Однажды за столом, задетая какой‑то невинной шуткой Ивана Ивановича, она разразилась длинной тирадой. Она сообщила нам, что в этом доме ее уже ничто не может удивить. Однажды она даже встретила в коридоре церковь. И молча поклонилась ей, и прошла дальше. Иван Иванович отнесся к этому заявлению весело, а Елена Афанасьевна заподозрила тут какое‑то неуважение к ней. Беспомощно сказала: «Иван Иванович — ну что это она!» и гордо откинула назад голову. Но ошеломленное выражение сняло всю надменность позы. Гости у Грековых бывали трех видов: ученики и коллеги Ивана Ивановича, знакомые дочерей и, наконец, самый близкий к призрачной, засидевшейся посмертно обстановке их — круг хозяйки дома. Тут бывал некогда известный актер и автор пьес, шедших в «Кривом зеркале» — Урванцов[181]

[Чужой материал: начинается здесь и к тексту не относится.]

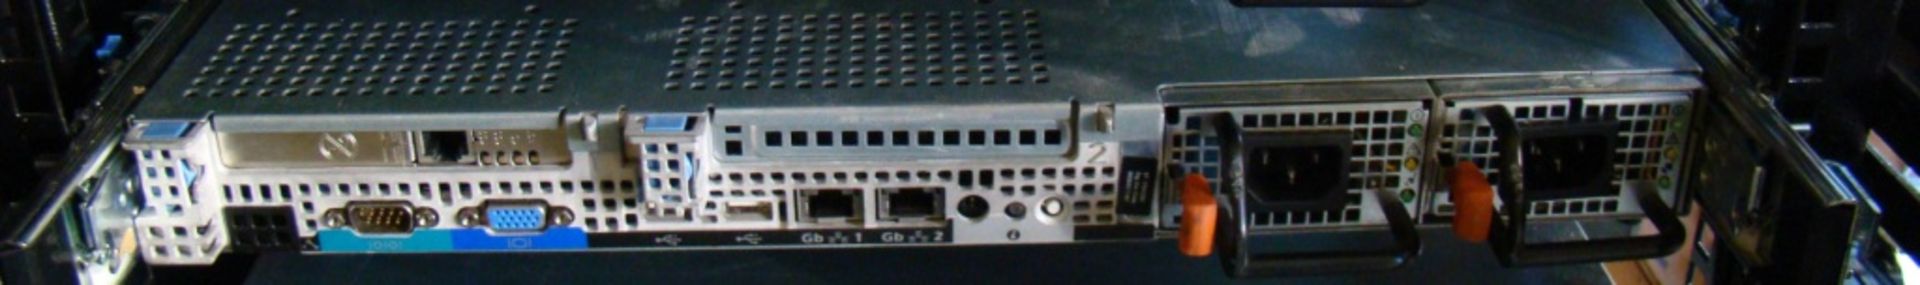 Dell PowerEdge 1950 1U Dell BIOS 2.7.0, Twin Quad 4 Cores Rack Server (2 x Intel Quad Core - Image 2 of 10
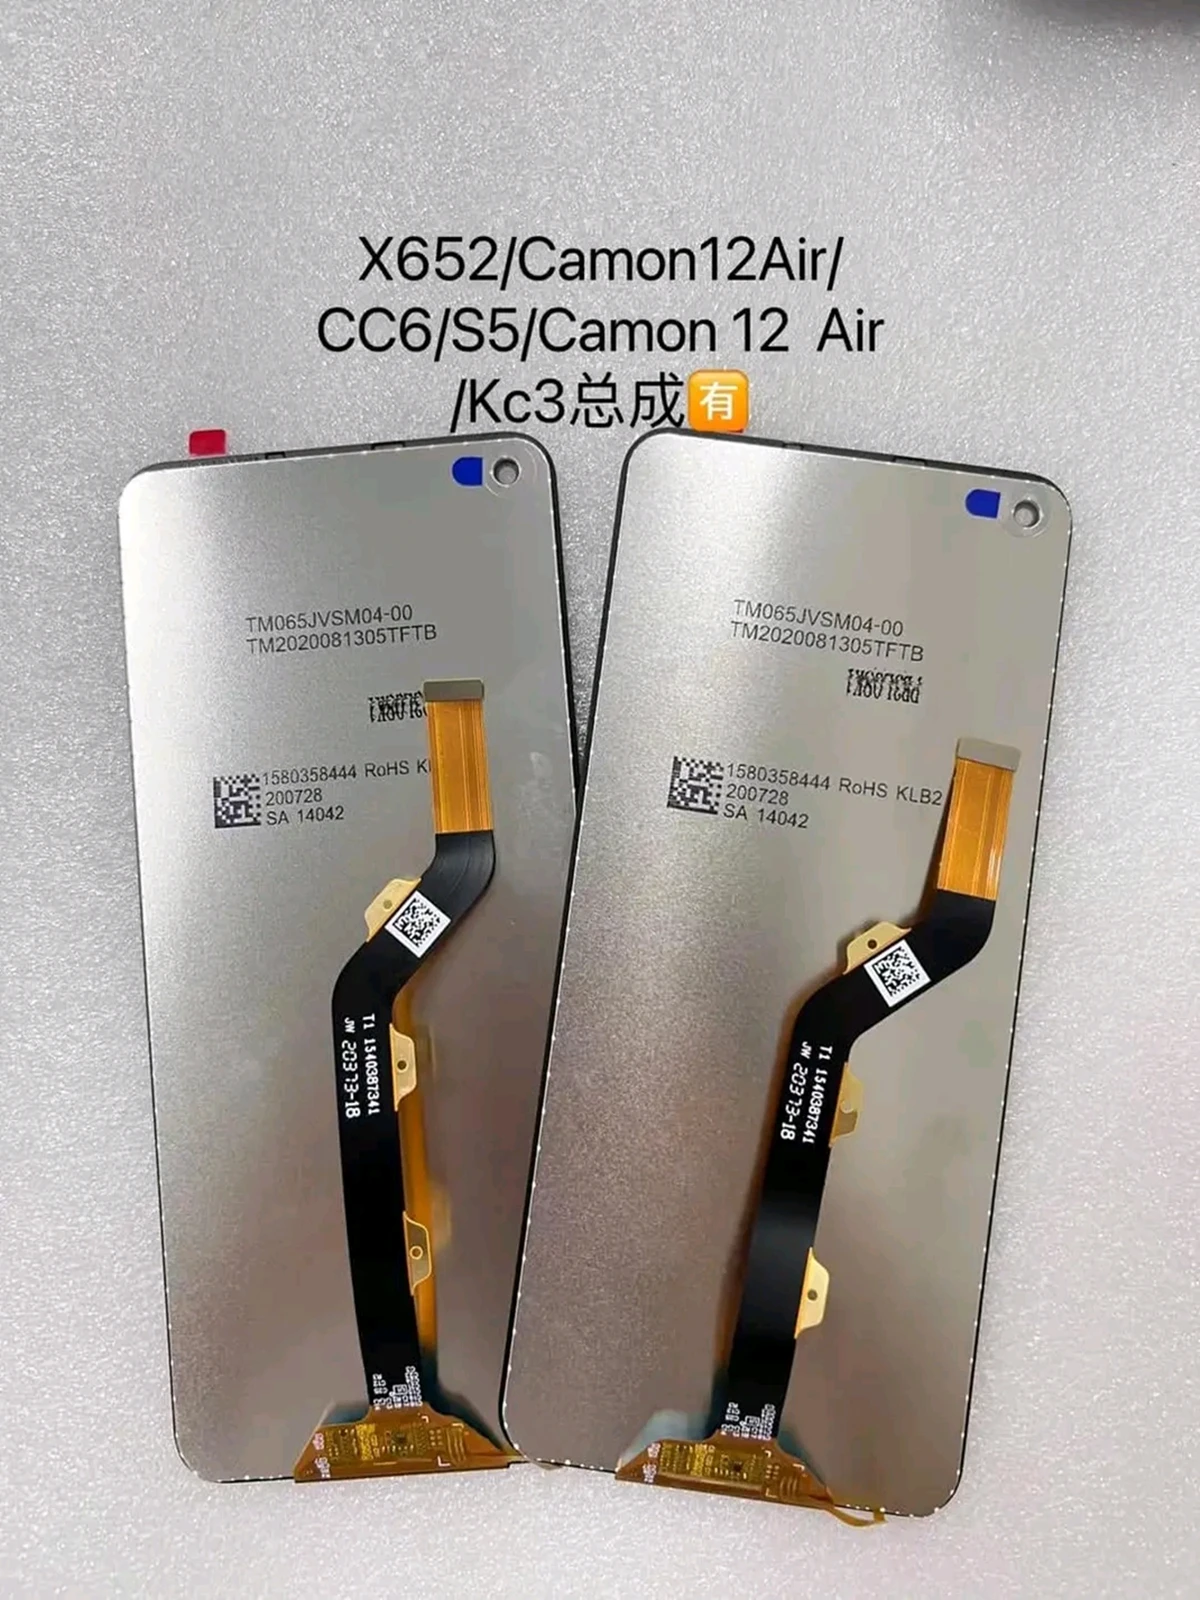 

New Original For Tecno Infinix Camon 12Air X652 Camon 12 Air CC6 S5 Camon12 Air Kc3 Camon12Air LCD Display Touch Screen Assembly

. Бывали вдовы некогда известных художников. Бывала известная поэтесса Изабелла Гриневская[182], страшная, рослая, очень старая, с лицом, сохранившим какую‑то тень миловидности. Выражением своим несколько ошеломленным напоминала Елену Афанасьевну. Мне казалось, что вызвано выражение возрастом — никак не может поэтесса к нему привыкнуть. Бывал некто, которого называли пушкинистом — человек вечно пьяный, вечно смеющийся, с заплетающимся языком. Он, этот пушкинист, заявил однажды, что няня Пушкина пережила его на много лет. А на возражение ответил: «Ну, не знаю, только я сам видел на кладбище ее могилу». Знакомые Ивана Ивановича были много интересней. Среди них самым любопытным показался мне Сперанский[183]. Квадратный солдатский затылок, умышленная грубость речи. Тогда только что заговорили о его блокаде. Шишков[184] спросил, в чем смысл этого открытия. И Сперанский ответил резко: «Смерти боитесь? Нет уж, бессмертия не дождетесь». Но почувствовав, что добряк Шишков только удивился его грубости, сразу смягчился и стал говорить.Говорил убедительно и ясно. Медицина, старейшая из наук, а до сих пор не имеет теории. Все чистейшая эмпирика. Мы пробуем создать эту теорию — и так далее. И это был человек русский, очень русский. Он не в силах был начать говорить, не разрушив, не наказав свирепо половину, по крайней мере, своих предшественников. Да нет, что я говорю — всех, за двумя — тремя исключениями. И жил он свирепо —, все нападал, и поучал, и казнил. У Ивана Ивановича в Обуховской больнице ставил он опыты свои по блокаде, и на этот период времени был у него Иван Иванович — в исключениях. Он признавал блокаду, значит принадлежал к той же церкви. Личная жизнь, как и у всех людей его вида, не удалась. Да и не могла никак удасться. В Кирове, во время войны познакомился я у Мариенгофа[185]
с одним его гимназическим товарищем, ныне — профессором Военно — морской академии. С гимназических лет не видал Мариенгоф этого человека. Разговор шел напряженно, пока не коснулся случайно Сперанского. И профессор забыл все. Как влюбленный, которого бросили без всякой причины и вины, жаловался профессор на капризы, переменчивость, сумасбродство Сперанского во всех его жизненных, а главное, научных делах. «Объясните мне, — все вопрошал он, — имеет ли право серьезный ученый выступать на серьезном заседании так, будто он отказался от собственных теорий или думает от них отказаться и считает чуть ли не дураками тех, кто сотрудничал с ним вчера». Производил в те годы Сперанский впечатление человека крупного, в котором играют силы. Но силы недобрые. Вроде тех, что веселье сводят непременно к битью зеркал и обмазыванию горчицей чужих физиономий и прежде всего к мордобою. И считают это, по свойствам натуры, чуть ли не обязанностью порядочного человека. И обвиняют в холодности и безразличии тех, кого в эту сторону не манит. Мрачность подобного веселья вызвана, вероятно, многовековыми обидами и неизлечима, врождеа. Люди ума живого безобразничают обоснованно.